- _Exercise brief_: Transcribe all data verbatim. Skip the pictures.

- _Collected data_:

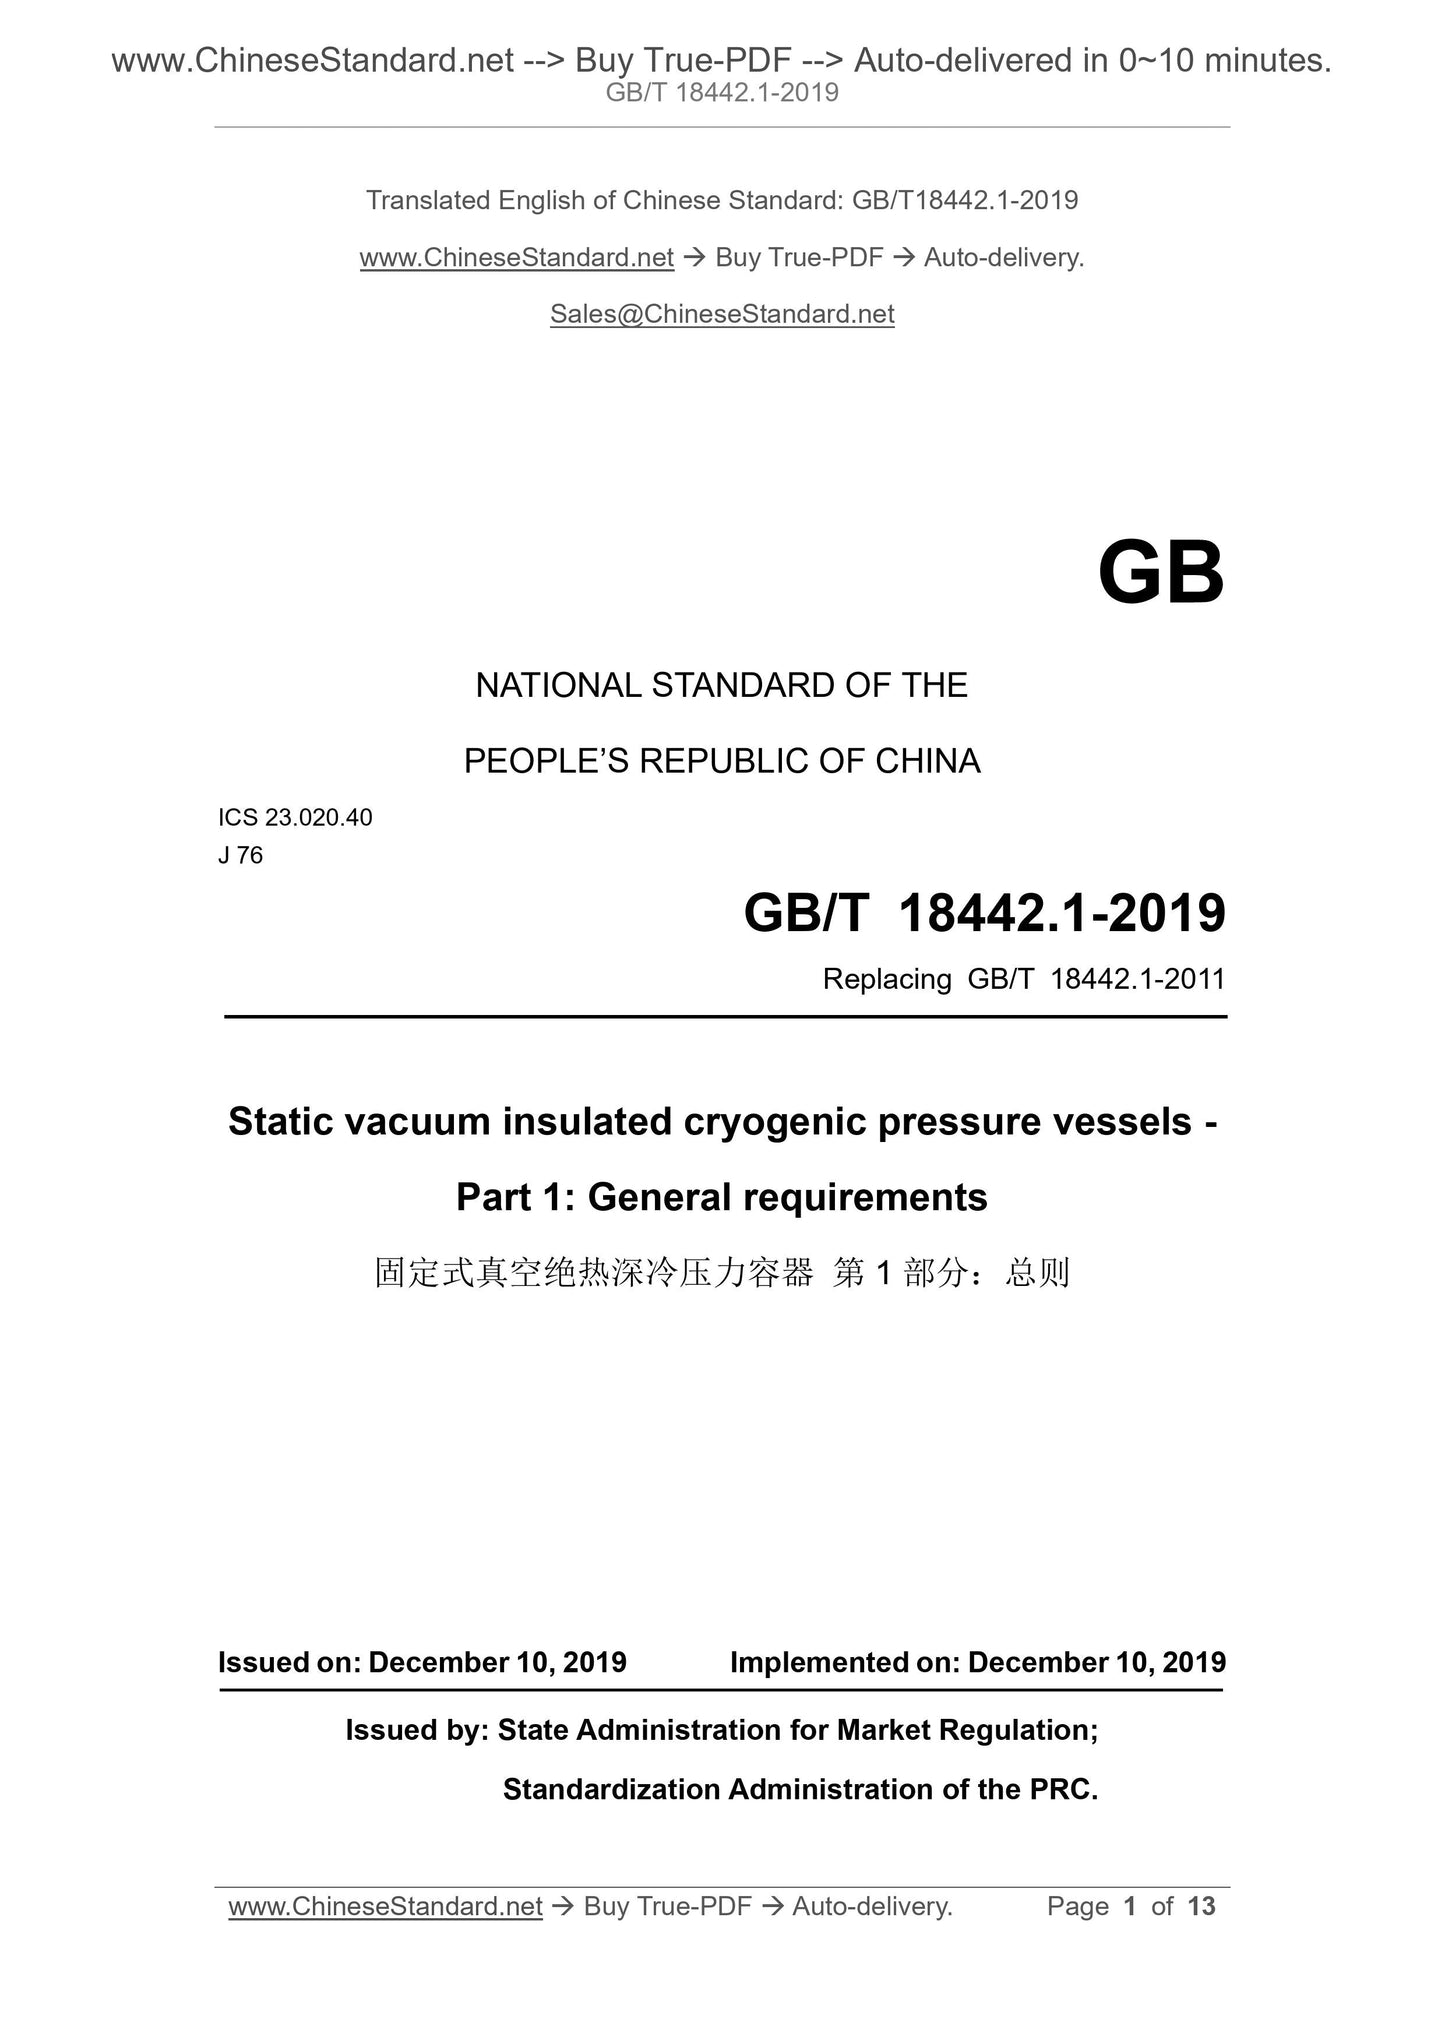 GB/T 18442.1-2019 Page 1
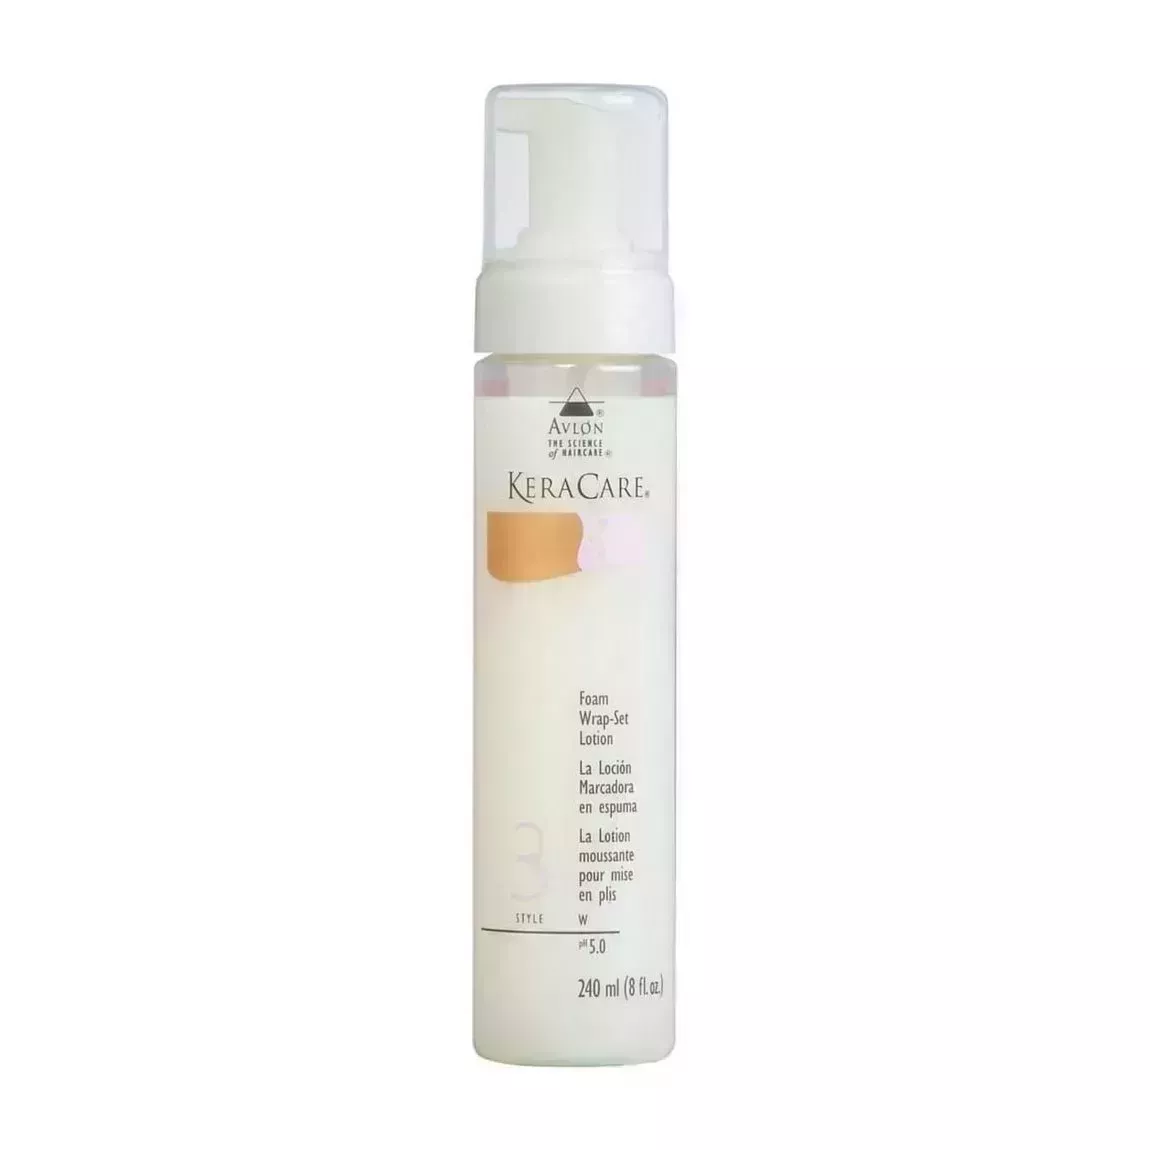 KeraCare Foam Wrap-Setting Lotion white bottle with pump and clear cap on white background
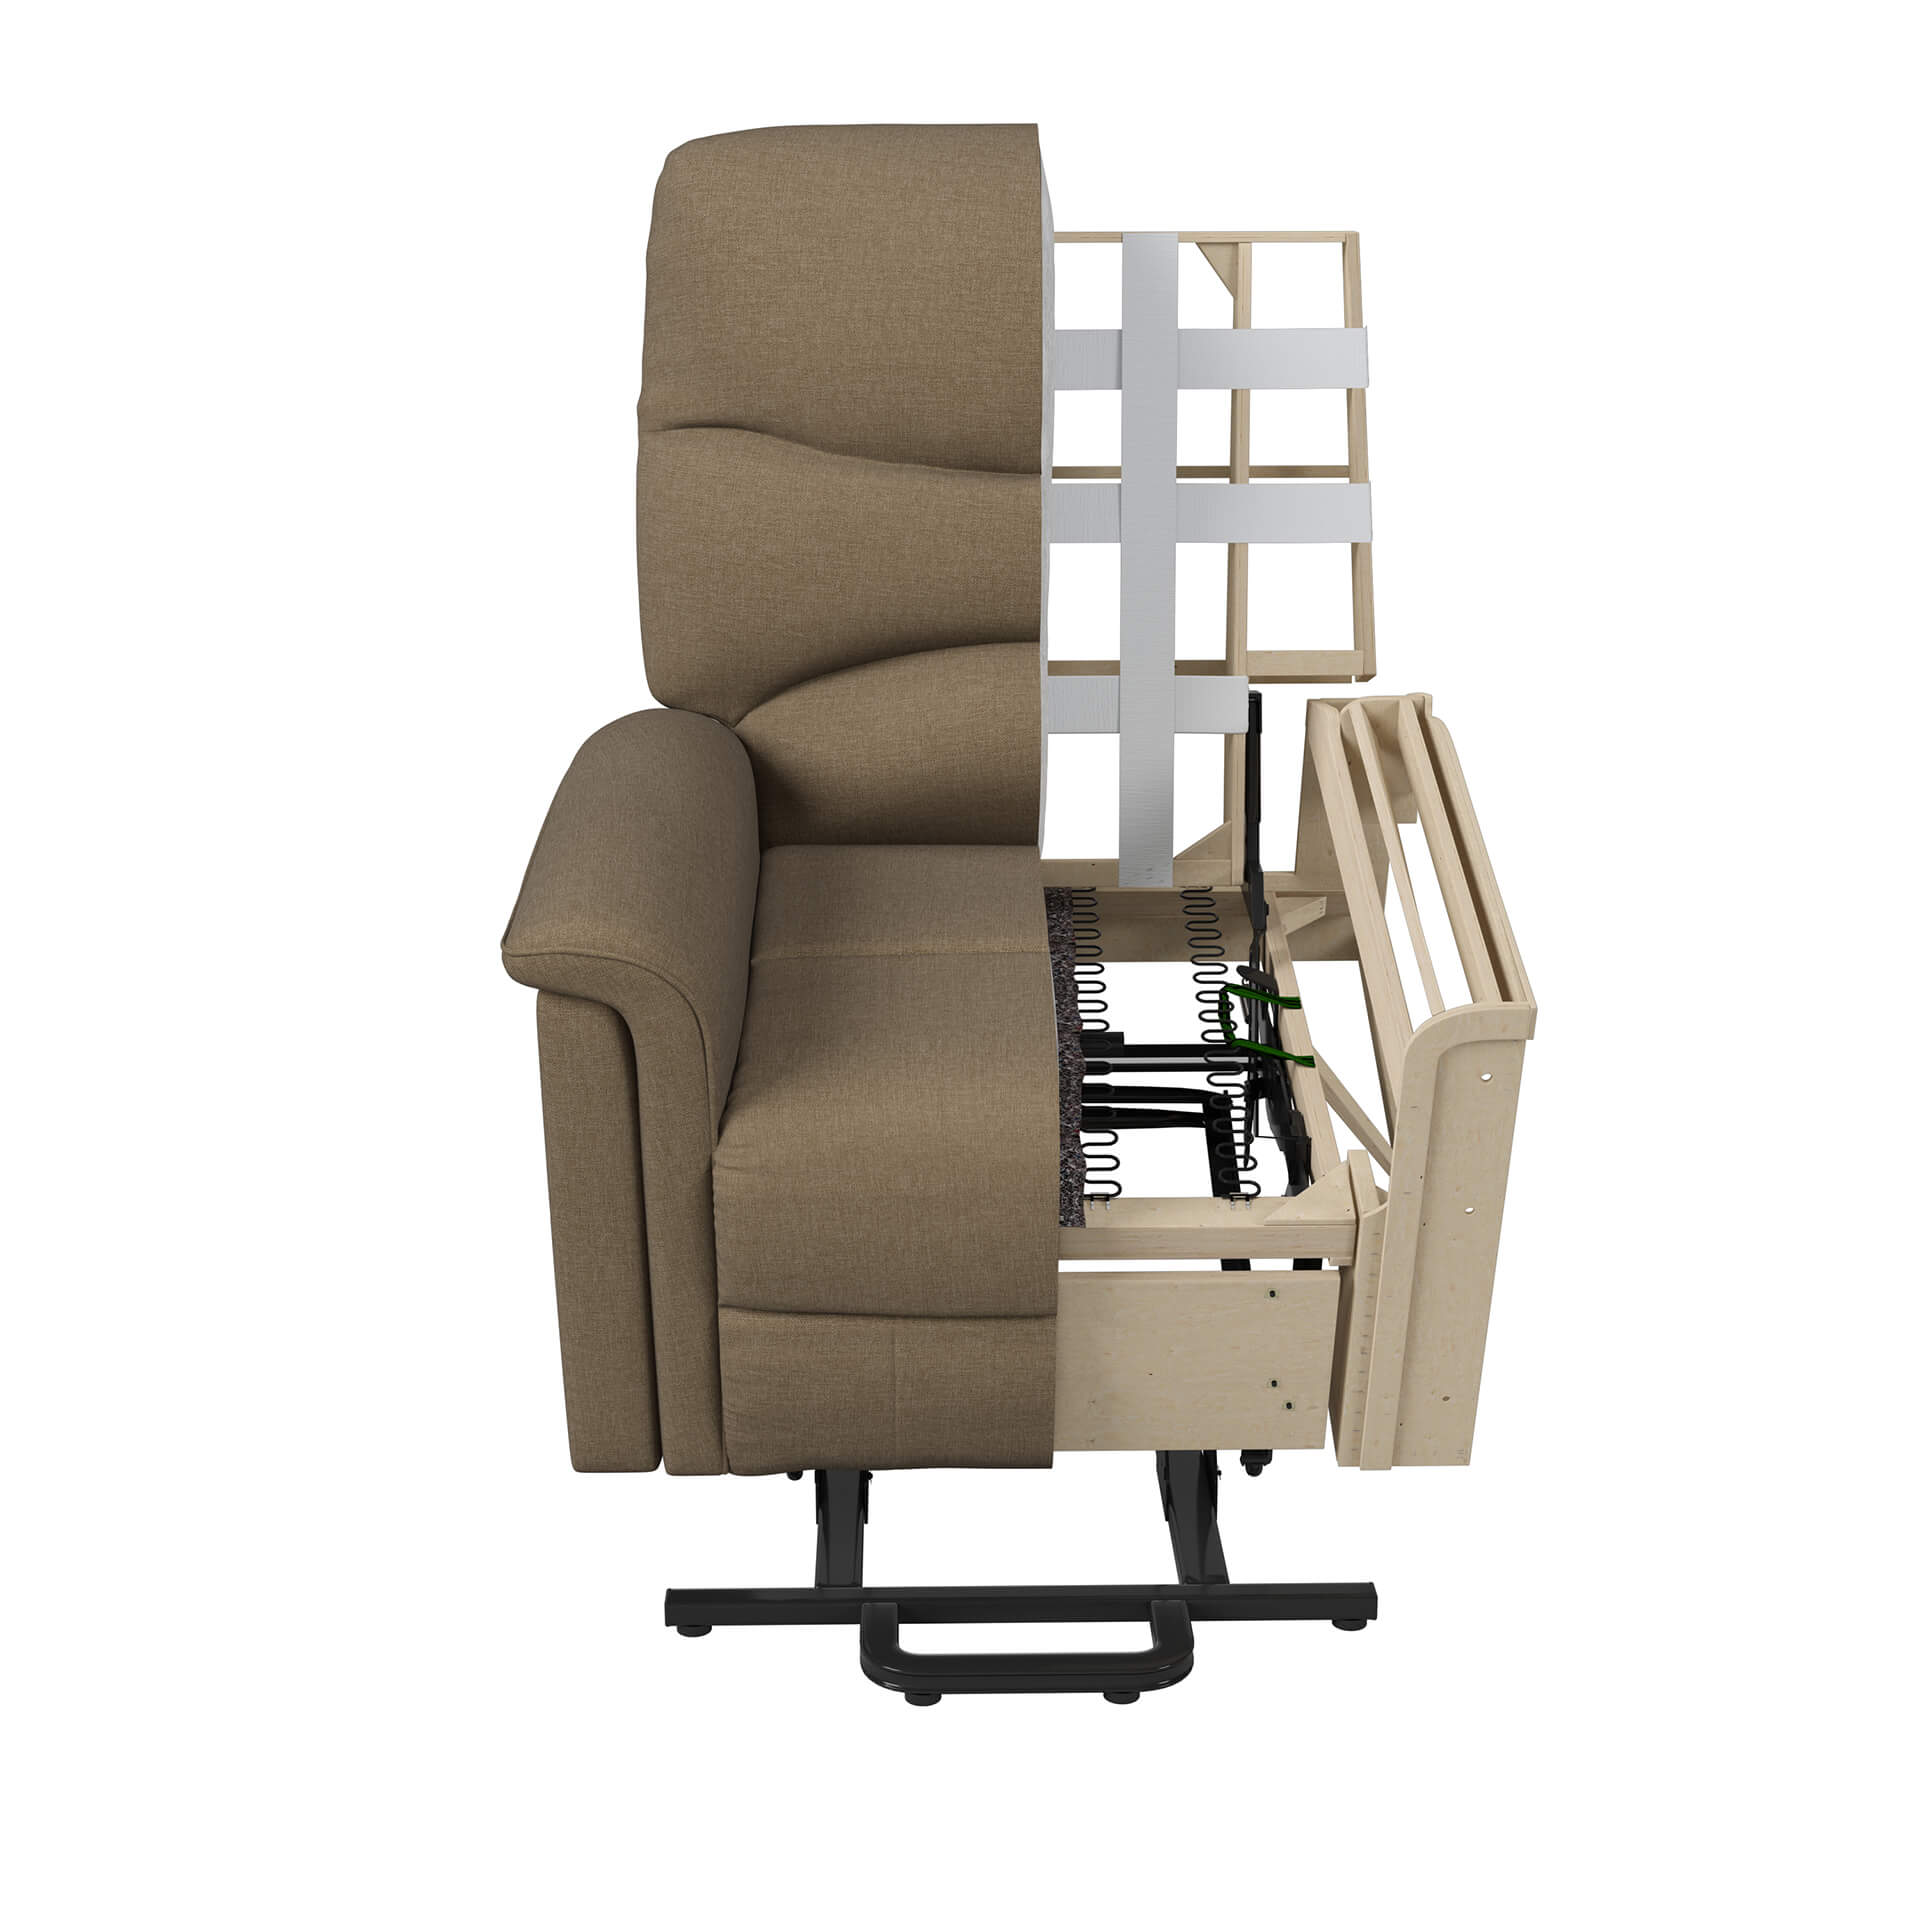 Cut-Out 3D Render of Upholstered Chair

- _Written solution_:
 GB/T 18442.1-2019 Page 1
 KeraCare Foam Wrap-Setting Lotion white bottle with pump and clear cap on white background
 Cut-Out 3D Render of Upholstered Chair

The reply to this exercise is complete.